He entertained the notion of suggesting that life was meant for love. He longed to put his hands on her shoulders so she'd have to look straight into his eyes, and then he would explain how the friendship they'd shared for so many years had—for him—grown into something else that would last a lifetime. He wanted Amalise and children and a home.
But it was too soon. So instead he slung an arm over the back of his chair and half-turned to her and said, "What about your job? Isn't that enough?"
"Oh, I love practicing law. I'd never think of giving that up." She laughed at herself. When the iced tea arrived, she squeezed lemon into her drink. Sliding the sugar bowl over, she added two teaspoons to the tea and stirred. "I was like a sponge in law school, you know, soaking everything up." She looked at him. "But you come out of it thinking differently, analyzing problems in a new way."
Jude dropped his arm and turned back with a sideways look. "Yes. I saw that in your relationship with Phillip."
Instantly he regretted the sarcasm. For a split second she looked down, gave all of her attention to unwrapping a straw, sliding the paper down, rumpling it. She tossed it at Jude.
He shouldn't have joked. "I'm sorry for that, Amalise."

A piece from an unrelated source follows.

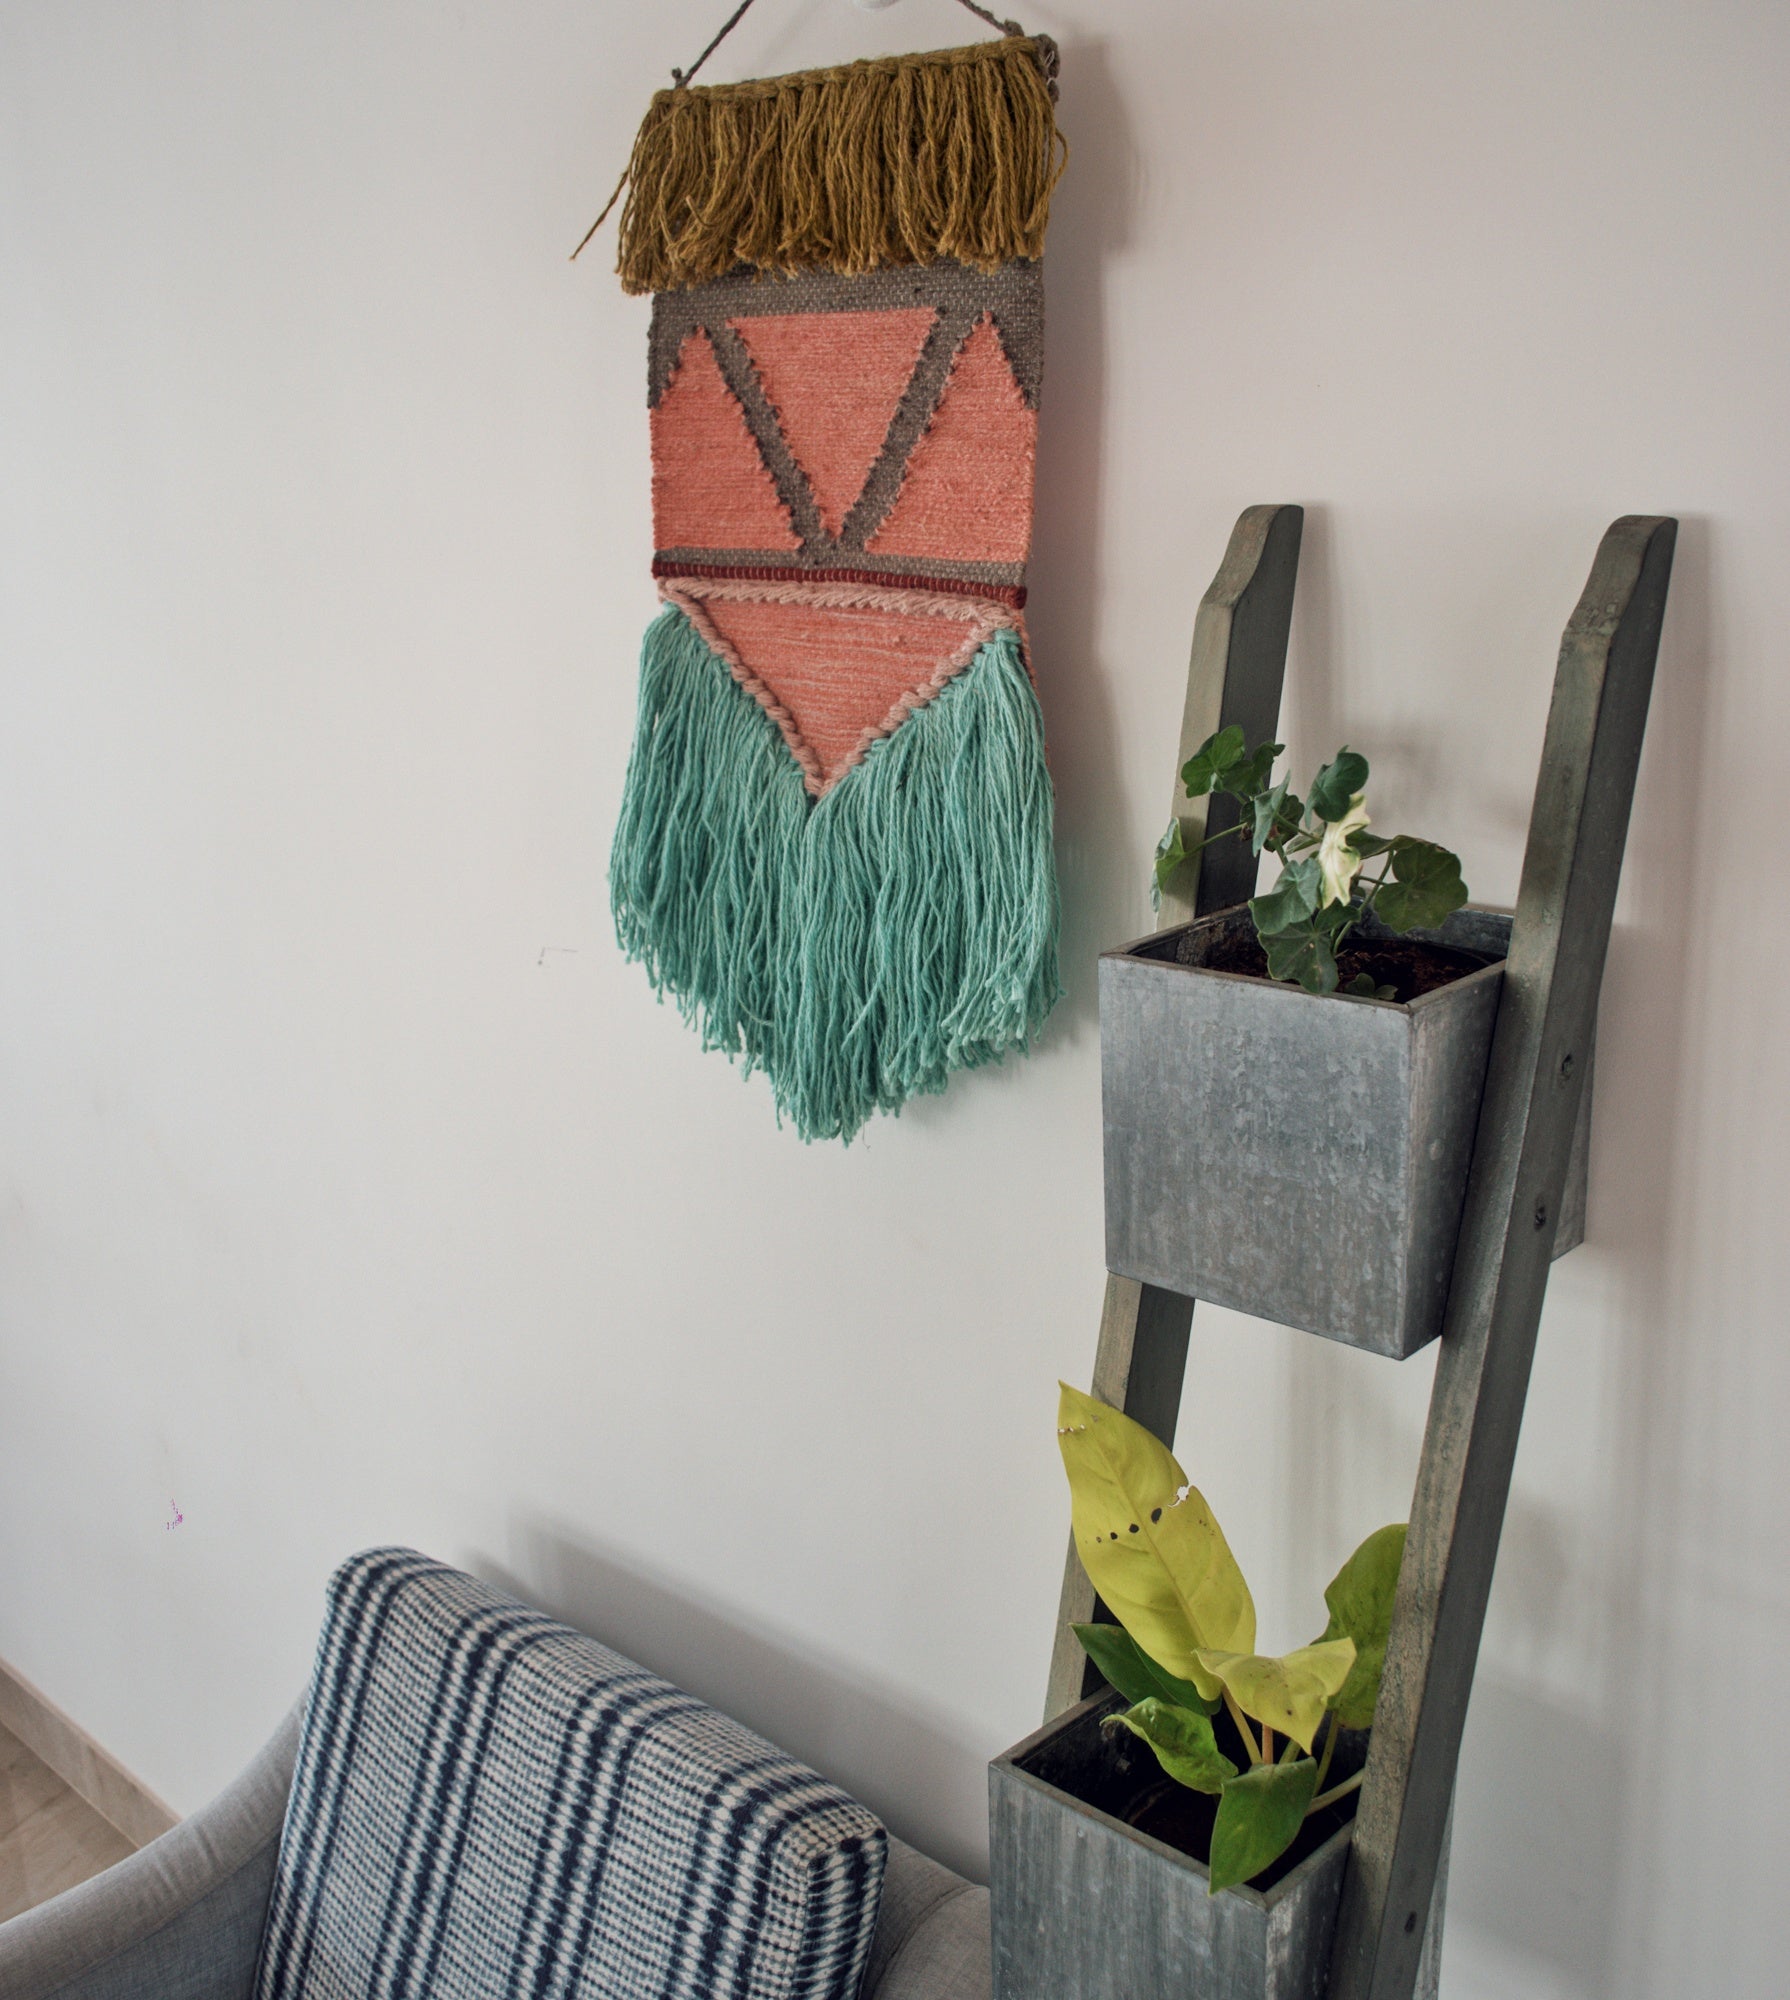 Bohemian wall hanging handmade from natural materials

She nodded and he watched as she moved the fork closer to her plate. Slid the knife parallel again. "I know. Don't worry." She looked up. "But sometimes thinking of Phillip makes me wonder how I got so far off the path."
Amalise didn't give into moods often. Even at the worst times of her marriage to Phillip, she'd seemed able to compartmentalize, to set worries aside and enjoy a good moment.
Jude straightened. Reaching across the table, he nudged her chin with his knuckle and put more gusto than he felt at this moment into his voice. "Let's change the subject. This is your first day back at work. Take things easy for a while and have fun."
She picked up another cracker and, without fighting the plastic wrapper this time, handed it to him. He opened it, crushed the paper, and handed the cracker back. "You're on a great transaction, Rebecca says. Be thankful for the good things."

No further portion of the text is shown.